This feels like a question that is both simple and duplicate but I can't find an answer or a previous version of the question.
Suppose we are given some PDE, for example Laplace's Equation in polar coordinates, $$ \nabla^2 u = \frac{\partial^2u}{\partial r^2} + \frac{1}{r} \frac{\partial u}{\partial r} + \frac{1}{r^2} \frac{\partial^2u}{\partial \theta^2} = 0. $$ The usual way to solve this kind of equation is to posit a separated solution $$u(r,\theta) = R(r)\Theta(\theta).$$ We then get something like $$(R'' + \frac{1}{r} R') \Theta = -\frac{R}{r}\Theta''.$$ At this point we usually divide by $$\frac{\Theta R}{r}$$ to find two ODEs.
Now, I can see that $\Theta R$ can't be the zero function (well, maybe it can be, but we don't like them zero solutions). But what if $\Theta R$ is zero at some specific point? Are we looking for solutions that are everywhere non-zero?

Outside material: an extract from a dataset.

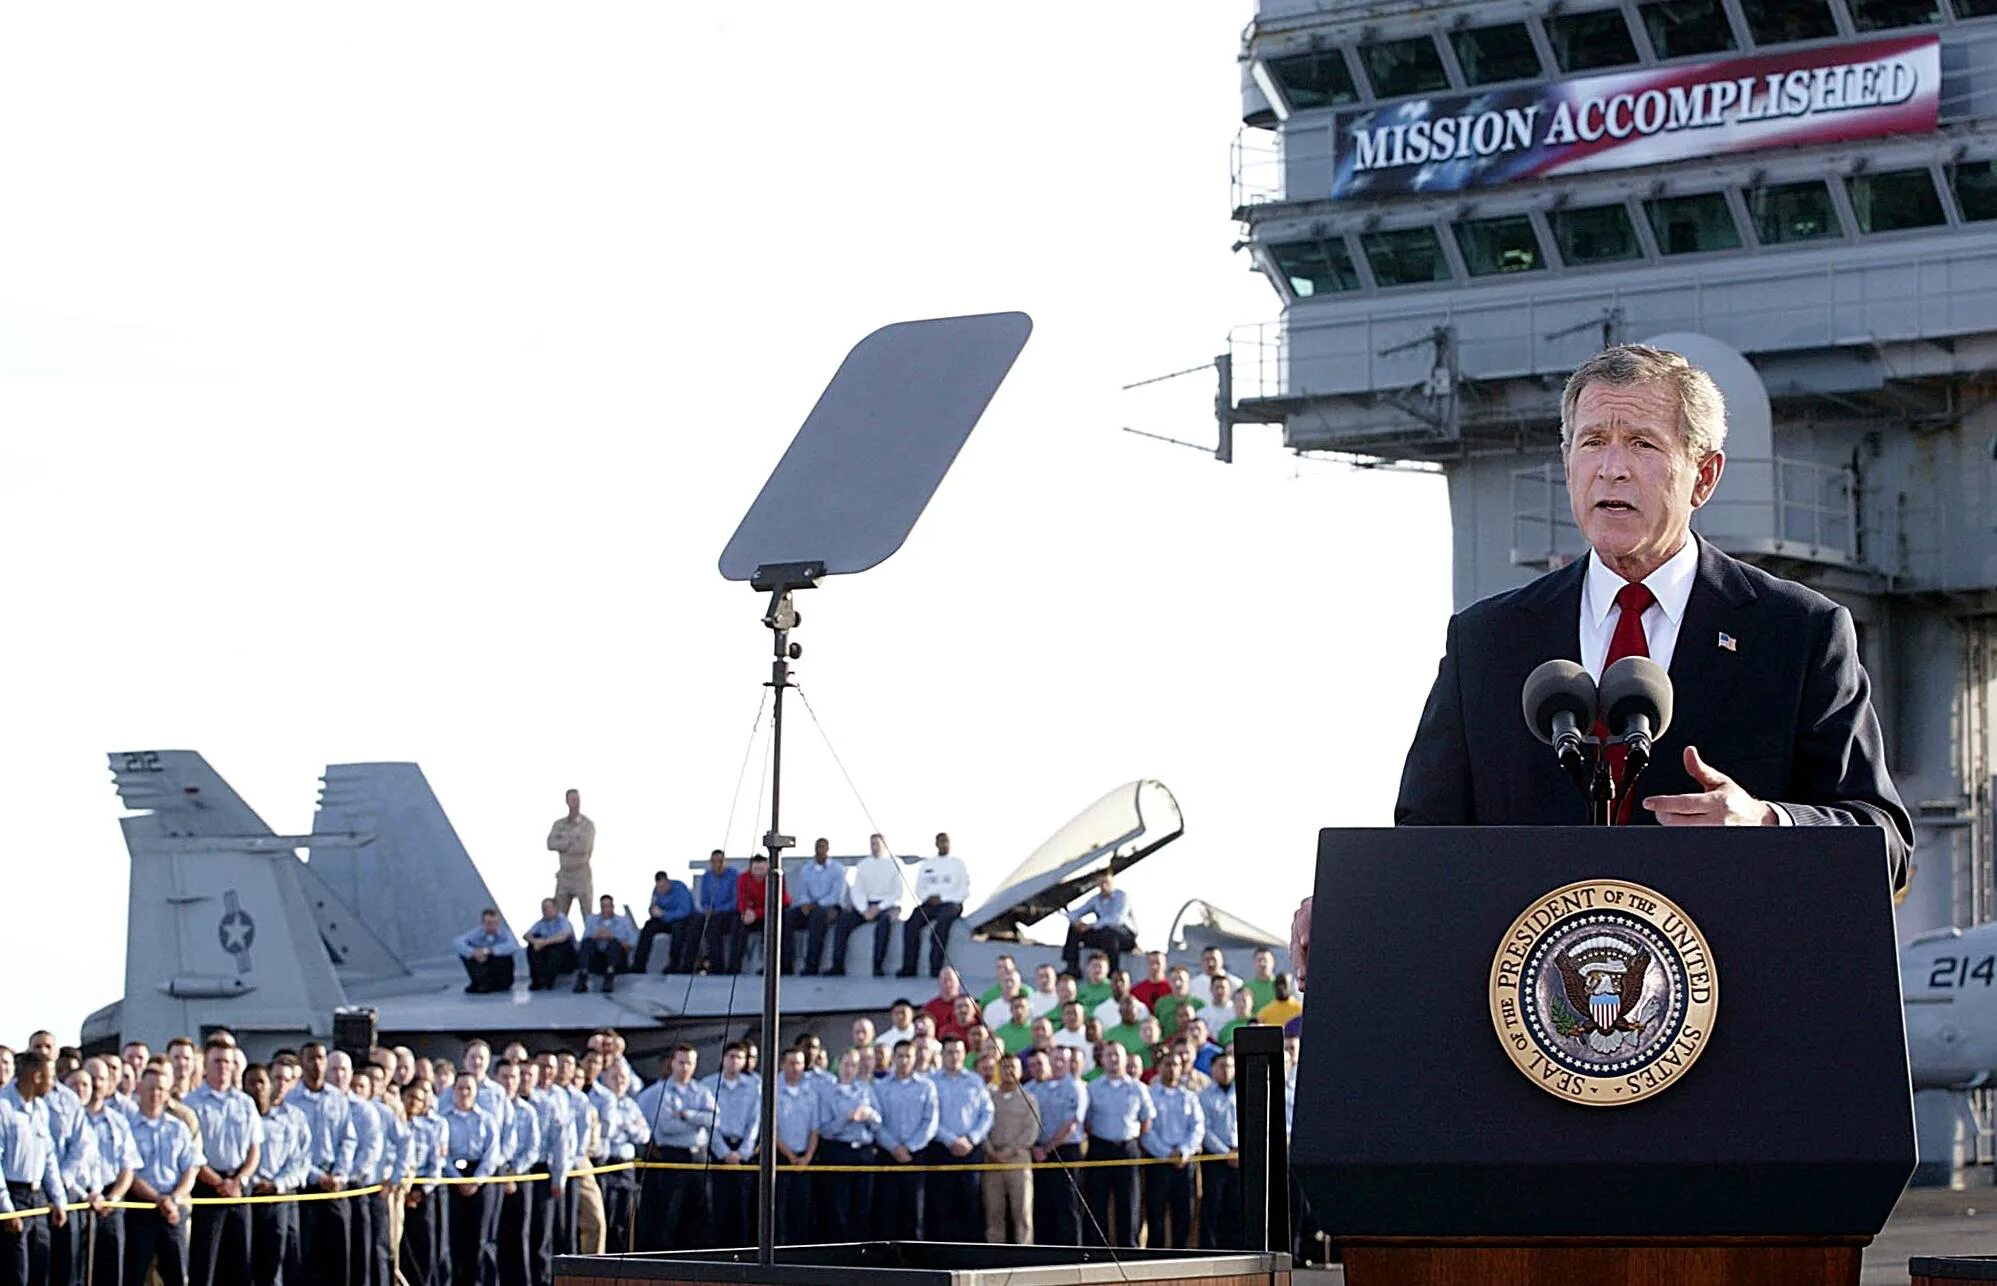 Джордж Буш Mission accomplished. Авианосец Джордж Буш. Джордж Буш младший на авианосце. Джордж Буш Ирак 2003. 1 мая 2003
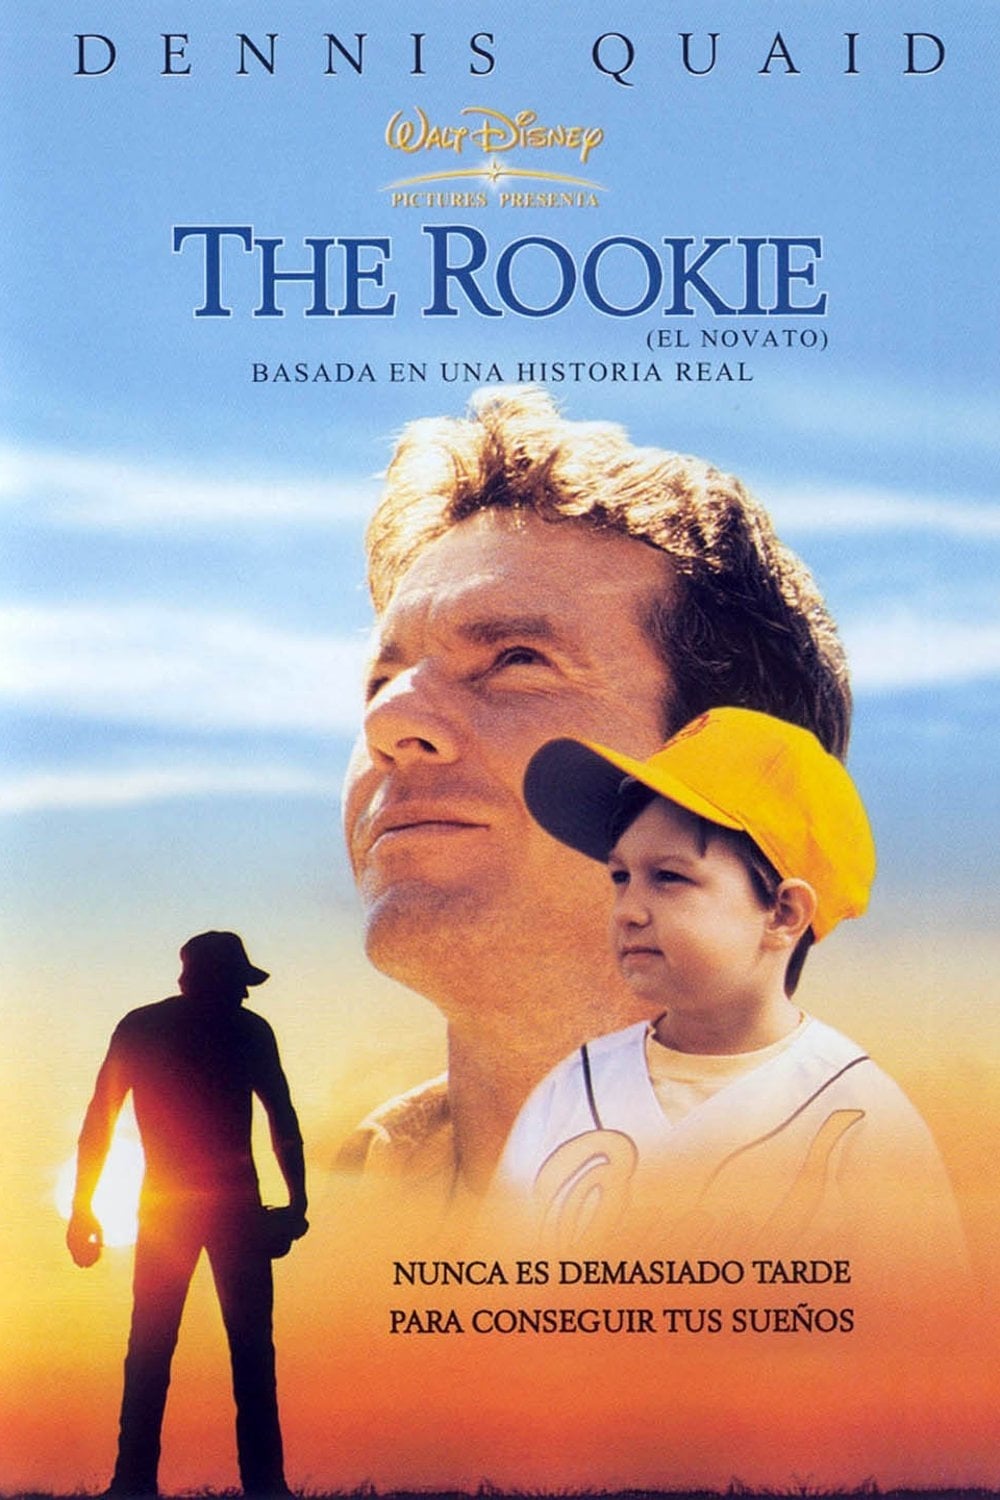 The Rookie (El novato) poster

For example, the exercise that I am working on right now is the above problem on the half-sphere $$ H = \{ (x,y)\ | \ x^2 +y^2 \leq a, y \geq 0 \},$$ with boundary conditions $$u(a,\theta) = \sin \theta,$$ $$ u(r,0) = u(r,\pi) = 0.$$
To summarize: I know how to solve the problem, I just don't know how to justify the dividing by $\Theta R$. I can think of one argument: we can try if the answer we get is a solution by substituting in the original equation later. But then it is not clear in general if we have lost any solutions?
Thanks for any help in advance.
At the point "We get something like $\ldots$" we need the following Lemma, written out in terms of variables $x$ and $y$ instead of $r$ and $\theta$:
Lemma. Let $I$ and $J$ be intervals on the $x$-, resp., the $y$-axis. Assume that $$a(x)b(y)=c(x)d(y)\qquad\forall x\in I,\quad\forall y\in J\tag{1}$$ with both sides $\ne0$ for at least one point $(x_0,y_0)$. Then there is a constant $\mu\ne0$ with $$c(x)=\mu a(x)\quad(x\in I),\qquad b(y)=\mu d(y)\quad(y\in J)\ .$$ Proof. Put $x:=x_0$ in $(1)$ and obtain $$b(y)={c(x_0)d(y)\over a(x_0)}\quad(y\in J)$$ and therefore $b(y)=\mu d(y)$ $(y\in J)$ with $\mu={\displaystyle{c(x_0)\over a(x_0)}}\ne0$. Now put $y:=y_0$ in $(1)$ and obtain $$a(x)\>\mu d(y_0)=c(x) d(y_0)\quad(x\in I)\ .$$ This implies $c(x)=\mu a(x)$ $(x\in I)$, as claimed.